JW: When a writer moves from recounting events to discovering what they mean, which is to say discovering what makes the recollection worthy of being recounted. I like to see writers thinking on the page, making sense of some experience or idea, a process that invariably deposits them at a place different from where they started. 

JC/KP: You often write about race. In your last essay collection, How to Make a Slave and Other Essays, you also write about courage and what might be a future in our racial landscape. How do you approach the challenge of mining a subject like race with such potential?

JW: Race is my favorite subject, not only because it is the abiding concern of American society, but also because it is an effective vehicle for exploring universal themes.
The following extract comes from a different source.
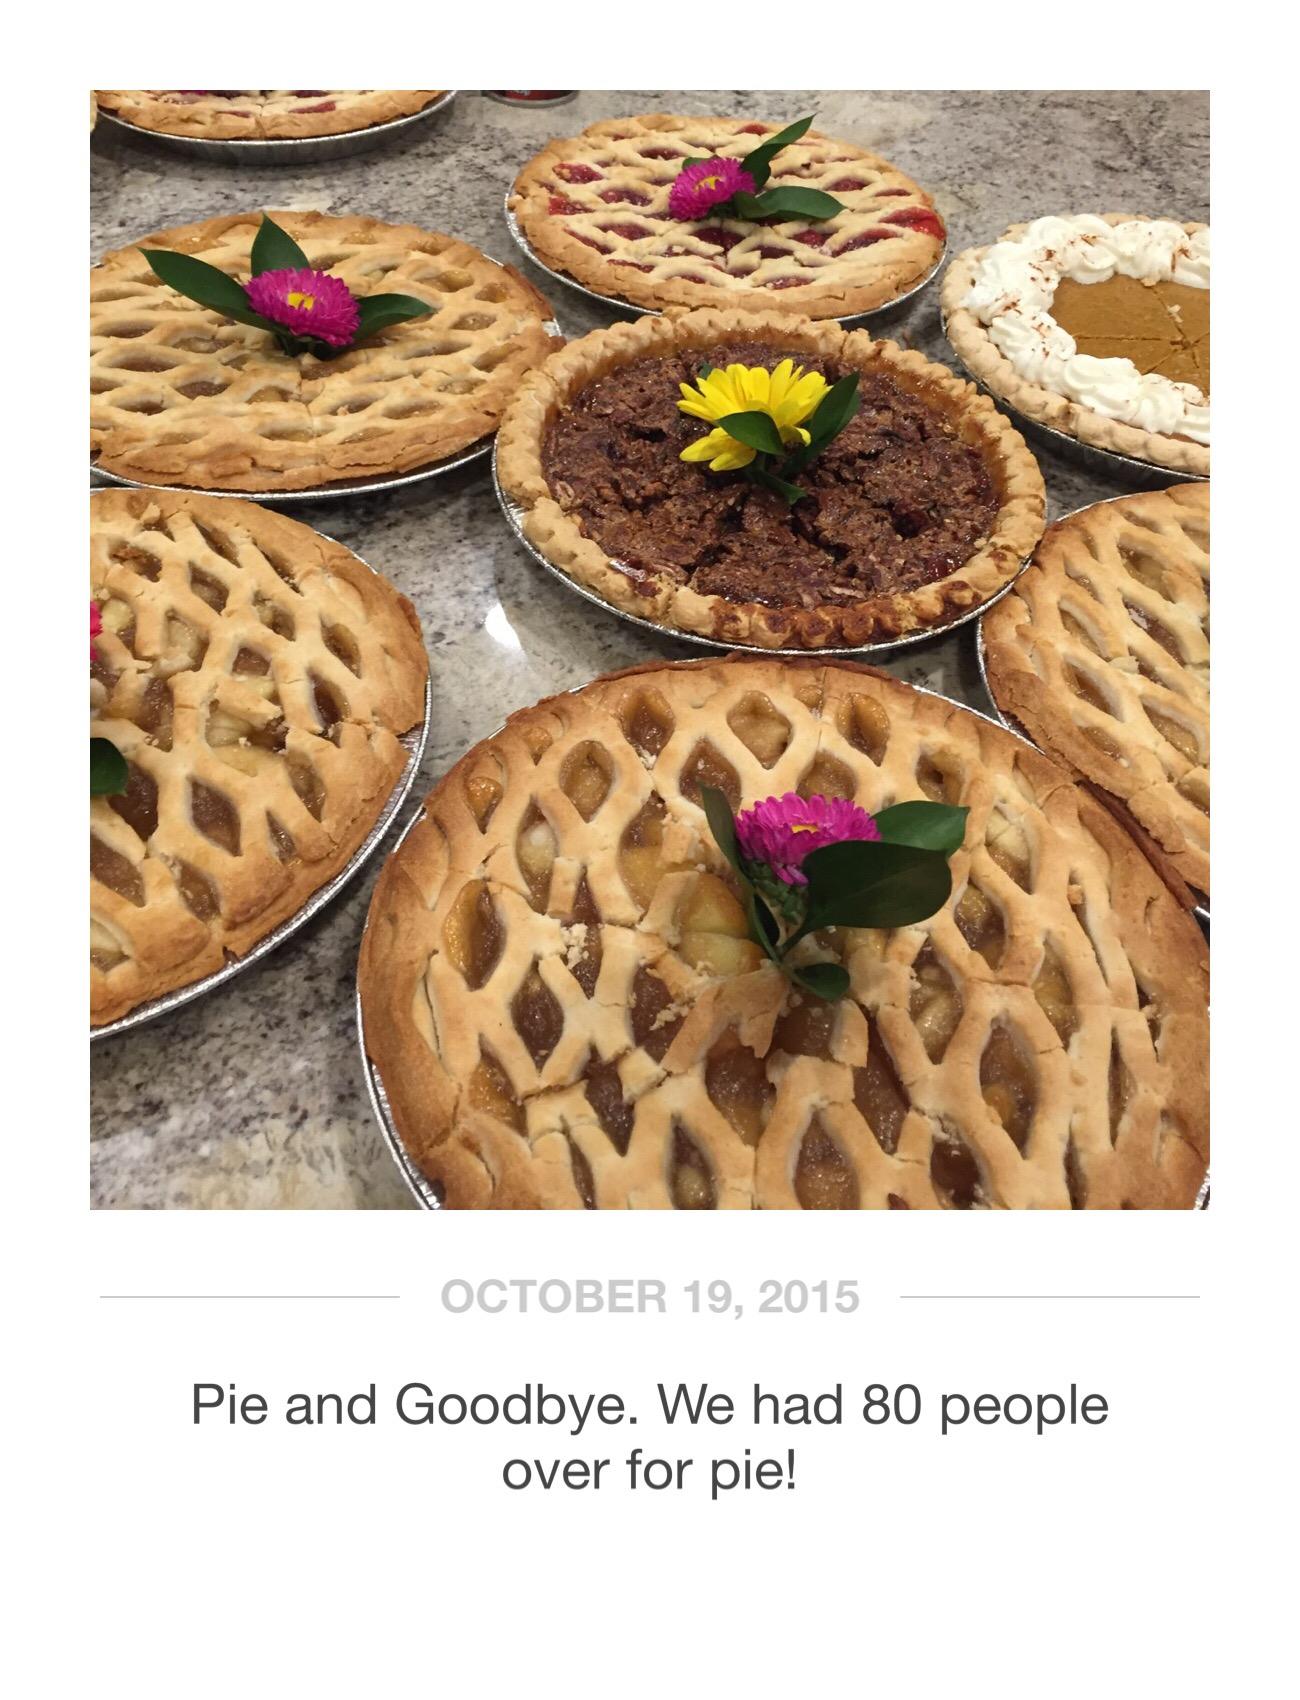 pie for 80 people.jpg

I am particularly interested in questions of identity, and my attempt to answer one in particular, Who am I? —and, by extension, Who are we?—is a strong undercurrent of much of my work.  


Jerald Walker is the author of The World in Flames: A Black Boyhood in a White Supremacist Doomsday Cult; Street Shadows: A Memoir of Race, Rebellion, and Redemption, recipient of the PEN/New England Award for Nonfiction; and, How to Make a Slave and Other Essays, a Finalist for the National Book Award. His work has appeared in publications such as The Harvard Review, Creative Nonfiction, The Iowa Review, and Mother Jones, and it has been widely anthologized, including five times in The Best American Essays series and in the Pushcart Prizes. A recipient of fellowships from the Guggenheim Foundation, the National Endowment for the Arts, and the James A. Michener Foundation, Walker is a Professor of Creative Writing and African American Literature at Emerson College.

Jordan Charlton is a poet, Assistant Nonfiction Editor for Prairie Schooner, and Ph.D. student at the University of Nebraska-Lincoln where he teaches in the Institute for Ethnic Studies. In addition to his academic pursuits, he works with the Nebraska Writers Collective facilitating workshops with high school and incarcerated writers through the programs Louder Than a Bomb and Writers’ Block. 

An MA student in Creative Writing at the University of Nebraska, Lincoln, Kasey Peters has been a small-scale farmer and occasional schoolteacher for a decade. She is Assistant Nonfiction Editor at Prairie Schooner, and she co-hosts a podcast with poet Katie Marya called “The Tell Don’t Show.” Her work can be found in Pinch, McNeese Review, Nashville Review, Blue Mesa Review, North Dakota Quarterly, and The Chicago Review of Books.